Tom Moorhouse

Tom Moorhouse is a strange hybrid being, half children’s author and half research ecologist at Oxford University’s Zoology Department (an entity probably not called an “authologist”). Over the years he has met quite a lot of wildlife. Most of it tried to bite him. He loves hiking up mountains, walking through woods, climbing on rocks and generally being weather-beaten outdoors.
His debut novel The River Singers (2013) won the Quality Fiction NSTBA award, was nominated for the Carnegie Medal, longlisted for the UKLA and Branford Boase awards, and shortlisted for the Stockton Children’s Book of the Year. Its sequel The Rising was published in 2014. Trickster, nominated for the 2016 Carnegie Medal, is a “ratrospective”. (No, he won’t stop making that joke.)
In 2016, he joined ten other authors and Lantana Publishing to create A Wisp of Wisdom, giving Cameroonian children back their stories. In 2017, his first follow-ups to The Wind in the Willows (A Race for Toad Hall and Toad Hall in Lockdown) came out, and 2018 saw the publication of the next in the series: Toad in Trouble Waters, and Operation Toad. His books have so far been translated into seven languages, the French translation of The River Singers winning Le Prix LibbyLit for junior fiction in 2014.

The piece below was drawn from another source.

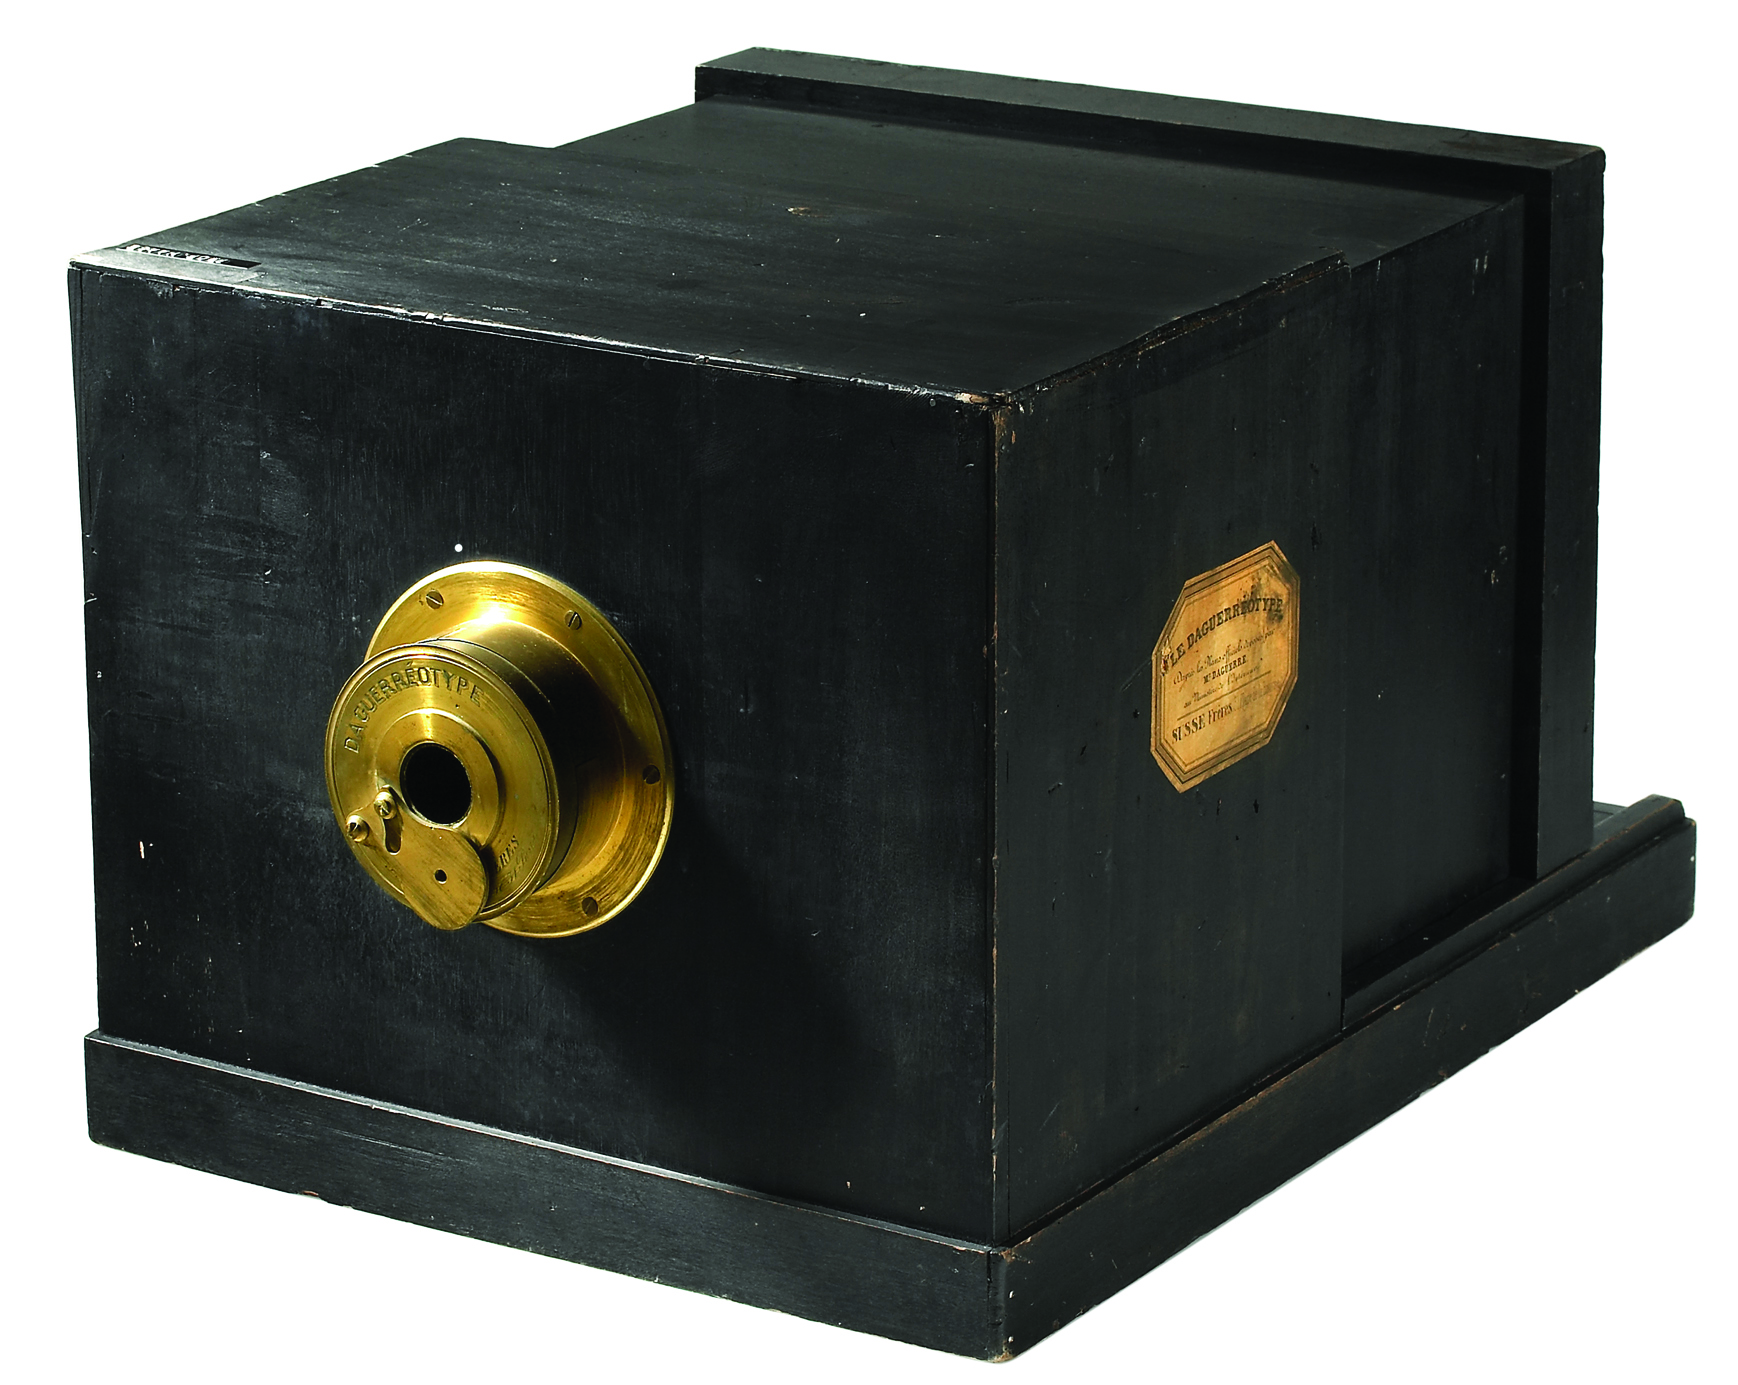 Réplica perfeita de uma câmera Daguerre, feita a partir de uma caixa de madeira com um orifício metálico
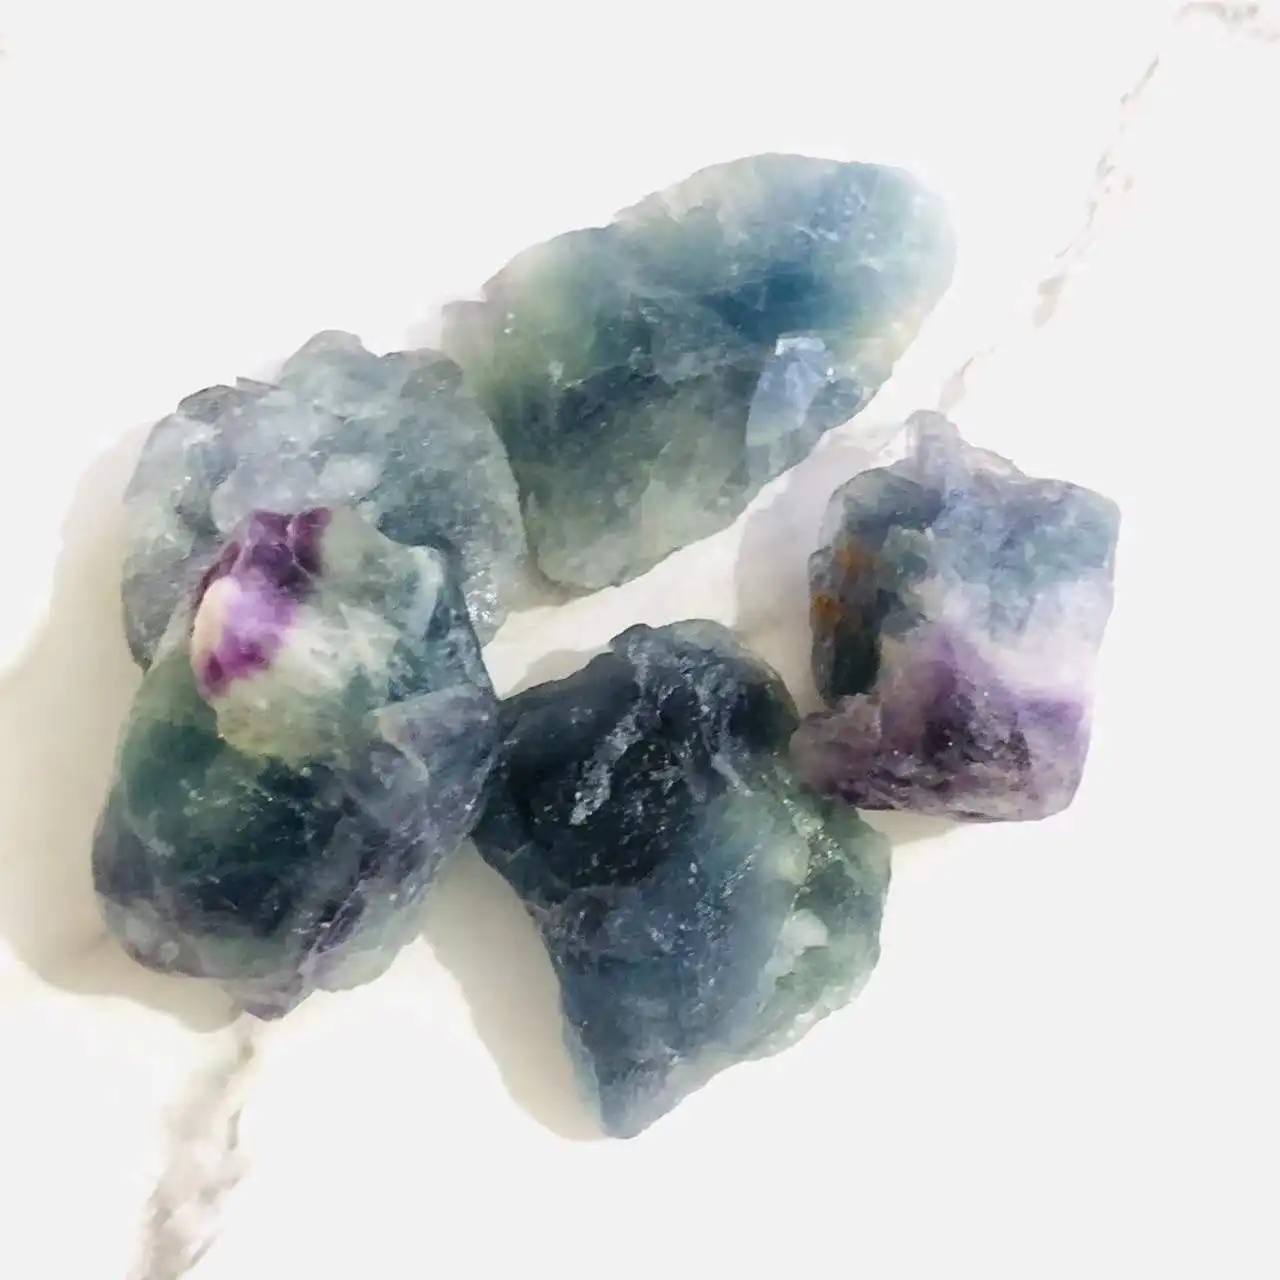 Venda por atacado de alta qualidade baixo preço de fluorite arco-íris natural flúrito cura pedras de cristal cru para fengshui

Elegy For A River: Whiskers, Claws and Conservation’s Last, Wild Hope (Transworld, 2021) takes inspiration from the eleven years Tom spent beside rivers, fens, canals, lakes and streams, researching water voles. Warm and entertaining, it introduces the reader to the small, brown, bewhiskered creatures that were once a totem of our rivers but have found themselves endangered in recent years. The Daily Mail named it one of their Books of the Week and Raynor Winn described its pages as ‘shot through with a quicksilver light reflected from wet fur – not a lament for our rivers but a chorus of hope for their future.’
Tom’s next book, Ghosts in the Hedgerow, will be published by Doubleday in Spring 2023.